Я пристрастен, я не могу быть объективен, но колонна, излучая пусть наивный, но трогательный, чистый магнетизм, притягивала к себе людей. В этот прозрачный апрельский вечер под светящимся бескрайним небом люди, заслышавшие в неурочный час звуки праздничных оркестров, легко заражались энтузиазмом демонстрантов.
Разъединяет чувство ответственности, а соединяет чувство радости.
Движение в колонне обладает совершенно особой привлекательностью, оно освобождает от мелких сомнений, от незащищенности, от навязчивых мыслей, сообщает уверенность и освежает душу.
Вот из парадной дома сорок четыре, на углу Смолячкова, выскочил длинный малый в кепке и бобриковом пальто.
— Куда собрались, девчата?
— До Ленину… Будемо потяг устречать, — певуче под общий хохот сообщила шедшая с краю, то ли в роли представительницы Украины, то ли действительно украинка.
— Девочки, а вам одним не страшно? — поинтересовался, пристраиваясь к шеренге. Но хитрость не имела успеха.
— Товарищ, вы же видите, у нас колонна, — к нему подошел паренек в кожаной вытертой куртке с красной повязкой на рукаве.
— Так и я в колонну! Тесней ряды, товарищи девочки!
— Вы посмотрите на себя, в каком вы виде! — сказал ответственный в кожанке, окинув лезущего в попутчики уничтожающим взглядом.
— Вид у вас, товарищ, не революцьонный, — сказала девушка в перепоясанном ремнем стареньком пальто, и снова грянул смех.
Странной ревностью была поражена эта толпа, не желавшая делиться радостью предстоящего свидания.

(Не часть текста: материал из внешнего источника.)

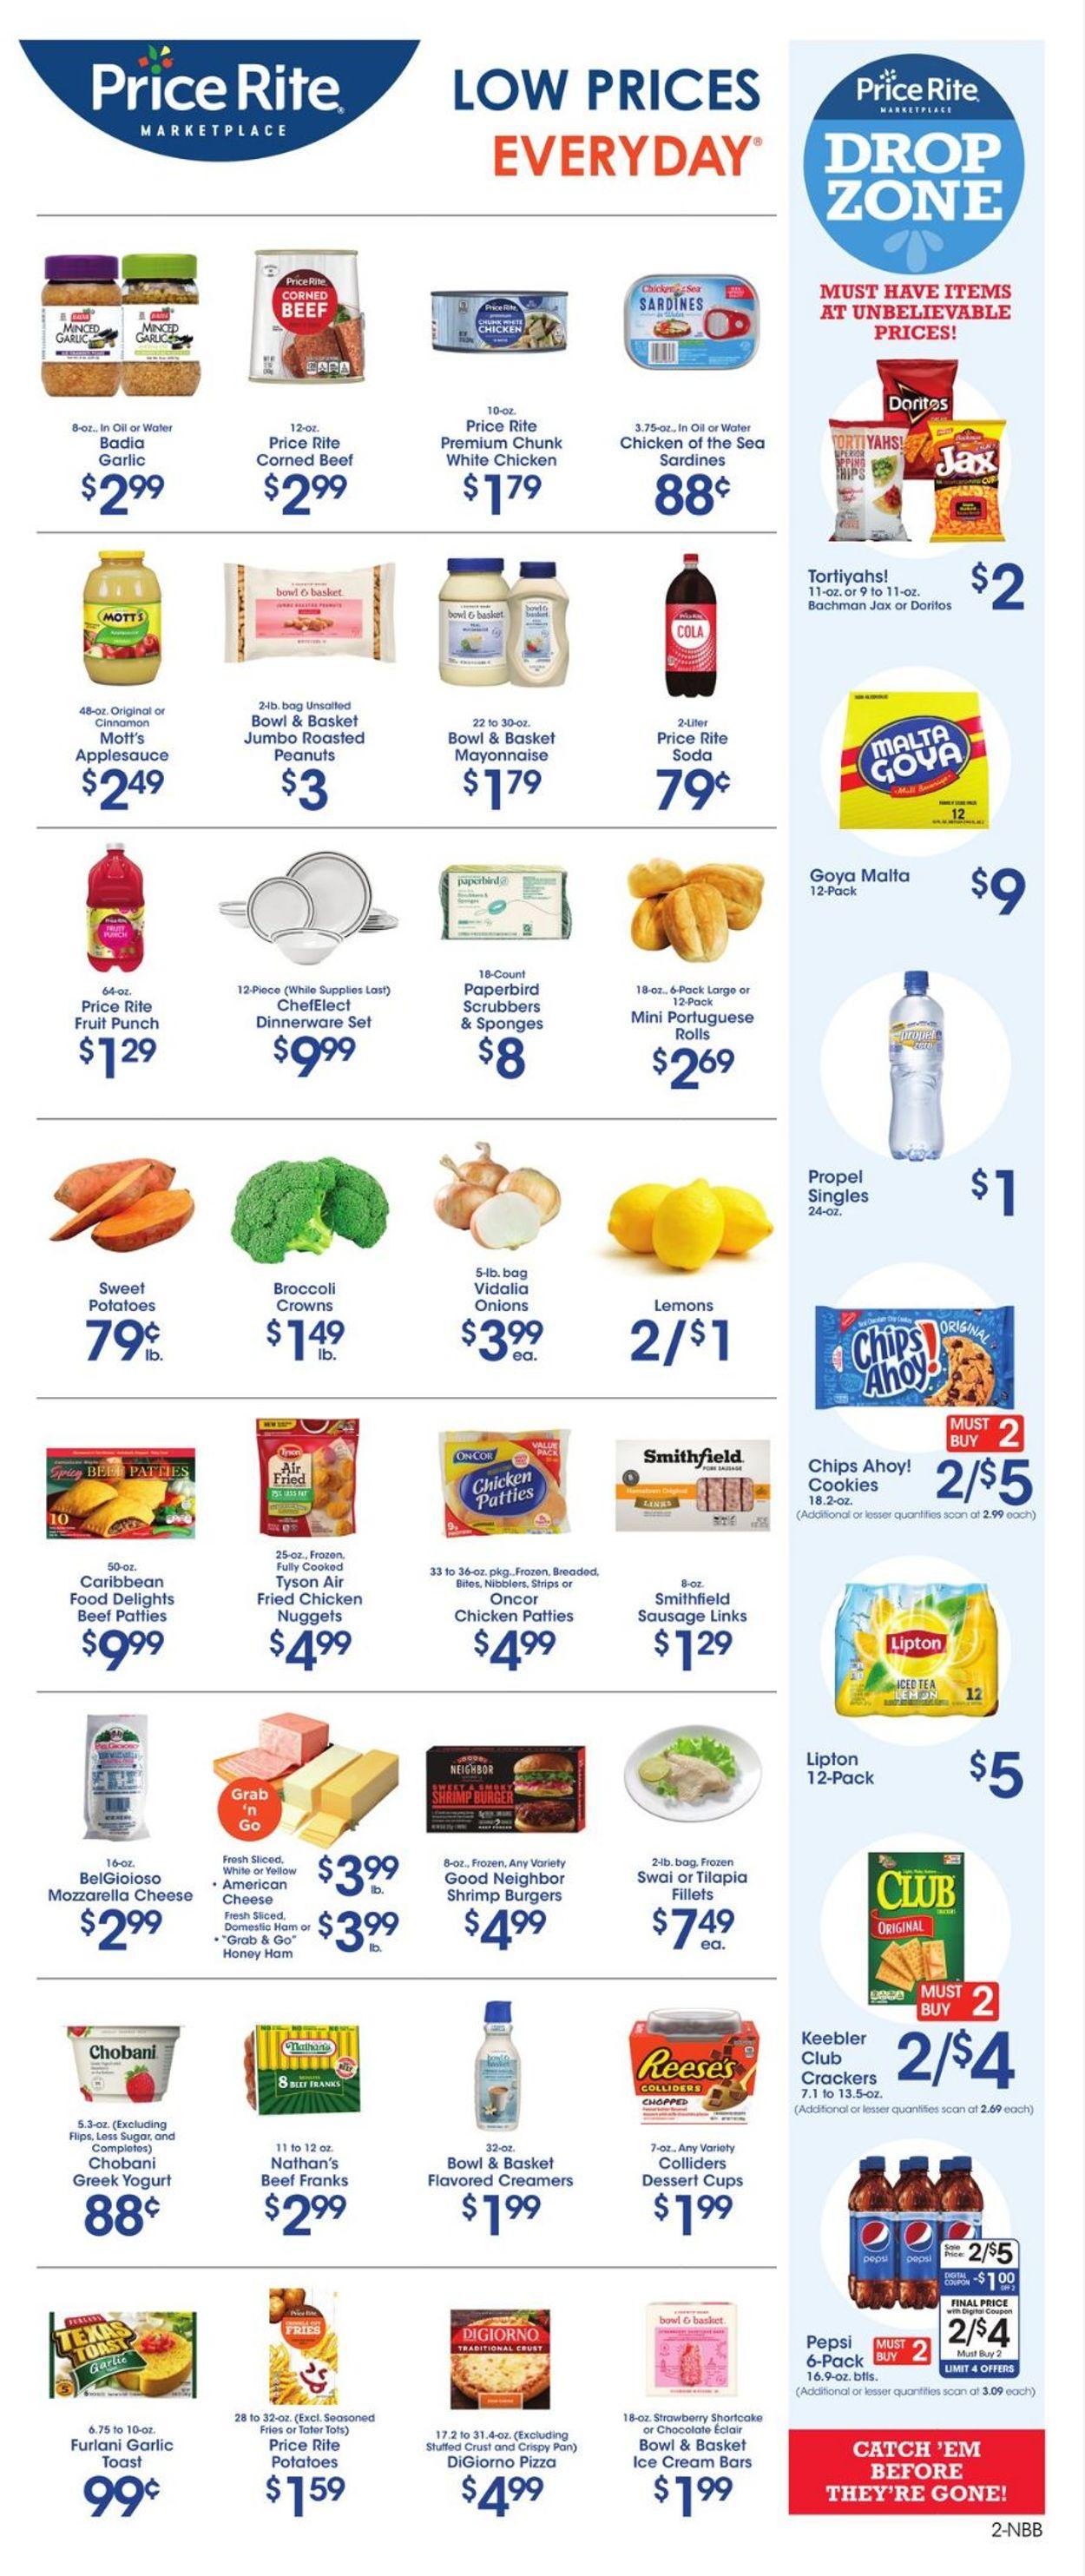 Price Rite Weekly Ad Circular - valid 07/23-07/29/2021 (Page 2)

— Не отставать! Не отставать! — подгонял ответственный.
Бобриковый в кепке попробовал втиснуться в колонну завода «Компрессоръ», но и оттуда вежливо попросили. Дальше шли кондитерщицы с «Ландрина».
— Девочки, куда же вы?!
— На свидание!
Они действительно шли на свидание, тайну которого не хотели открывать и самим себе, благо в толпе лучше всего прятать свои чувства. Смехом и беззаботным щебетом они готовы были все обратить в игру, если вдруг всерьез ничего не получится.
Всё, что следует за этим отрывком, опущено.